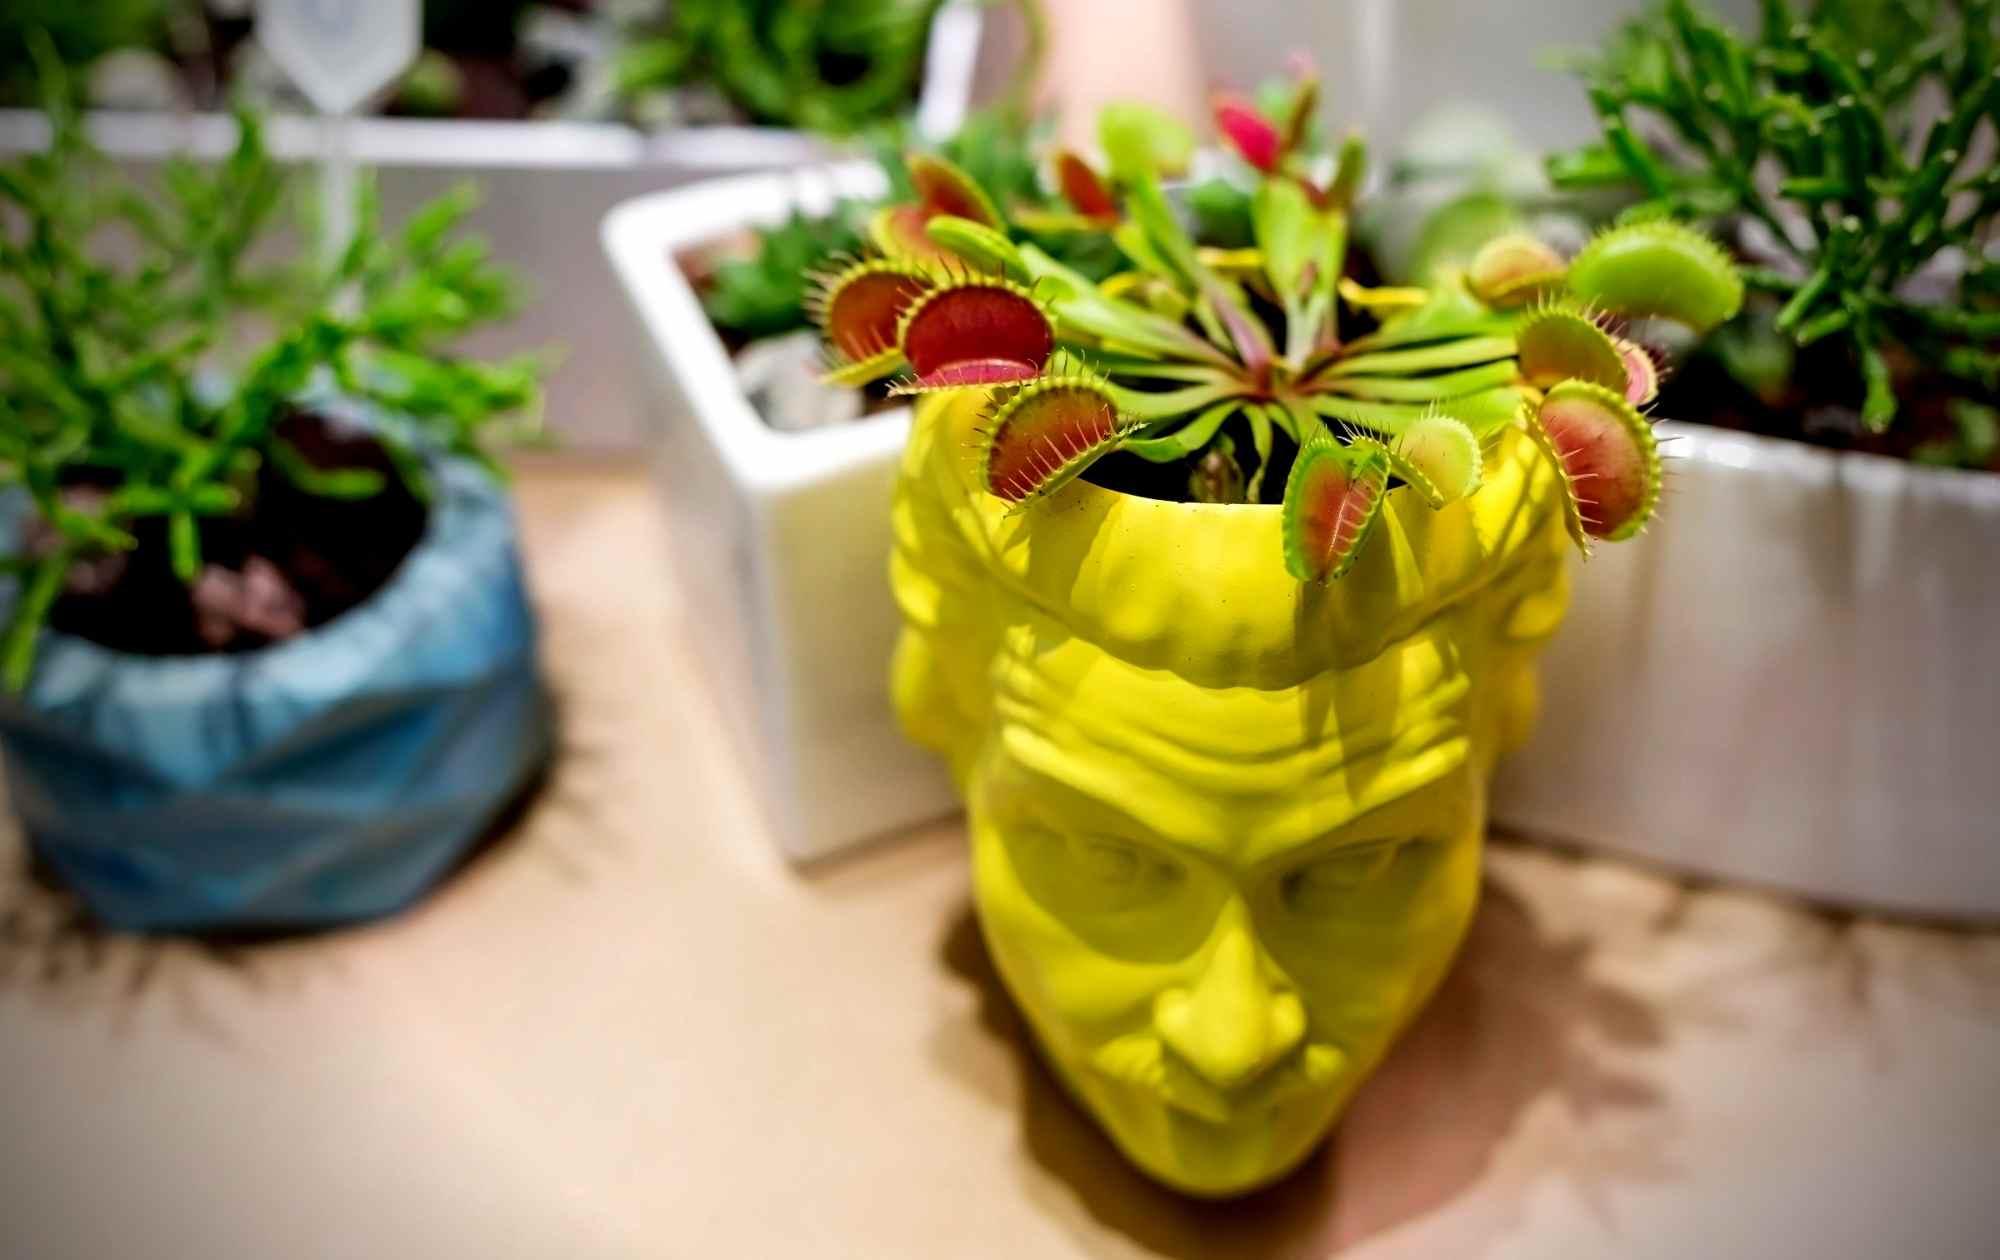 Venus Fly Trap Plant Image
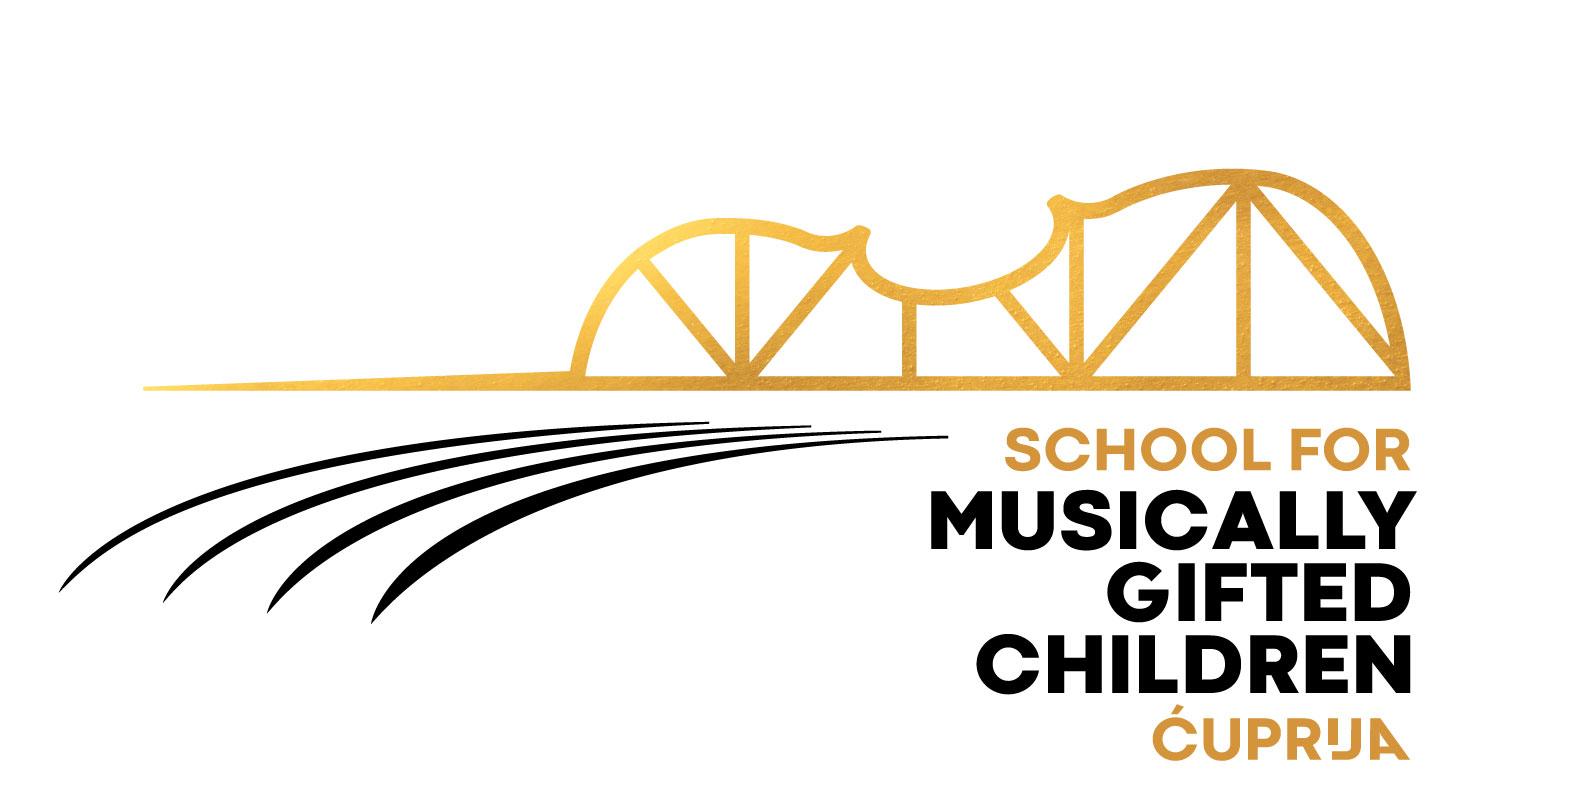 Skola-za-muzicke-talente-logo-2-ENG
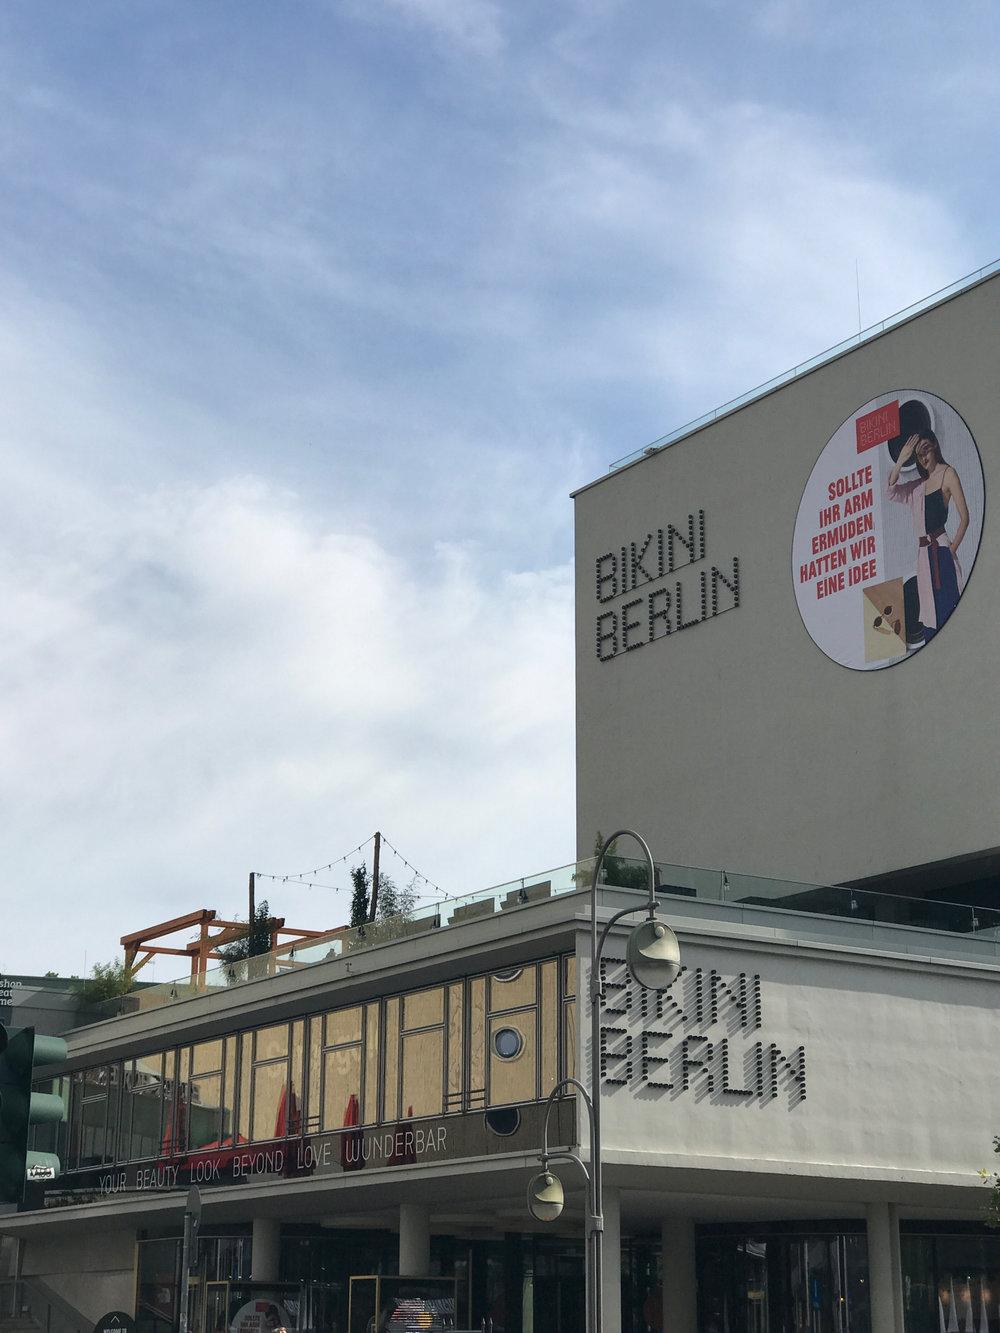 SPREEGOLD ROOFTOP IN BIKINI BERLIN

...

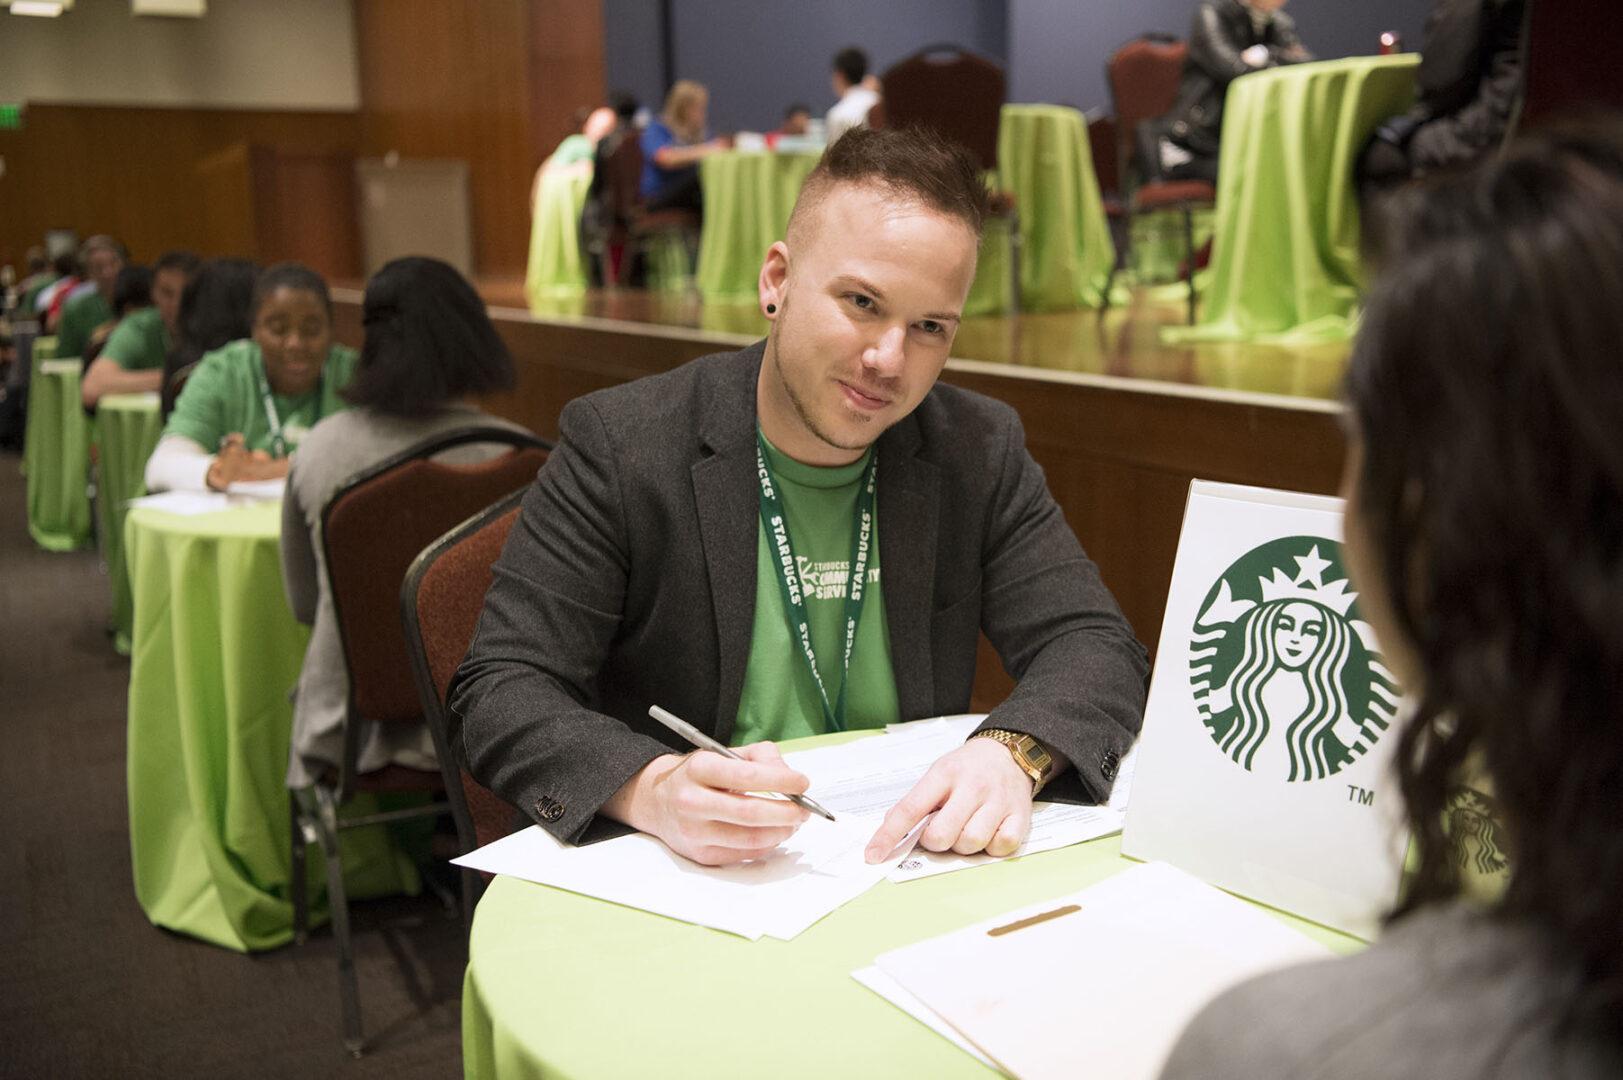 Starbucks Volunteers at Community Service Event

* What you have to do
Within the listing above, the lines from the one with "Venus Fly Trap Plant Image" through the one with "SPREEGOLD ROOFTOP IN BIKINI BERLIN" are to be given again word for word. Do not include pictures.

* Exercise solution
 Venus Fly Trap Plant Image
 Skola-za-muzicke-talente-logo-2-ENG
 SPREEGOLD ROOFTOP IN BIKINI BERLIN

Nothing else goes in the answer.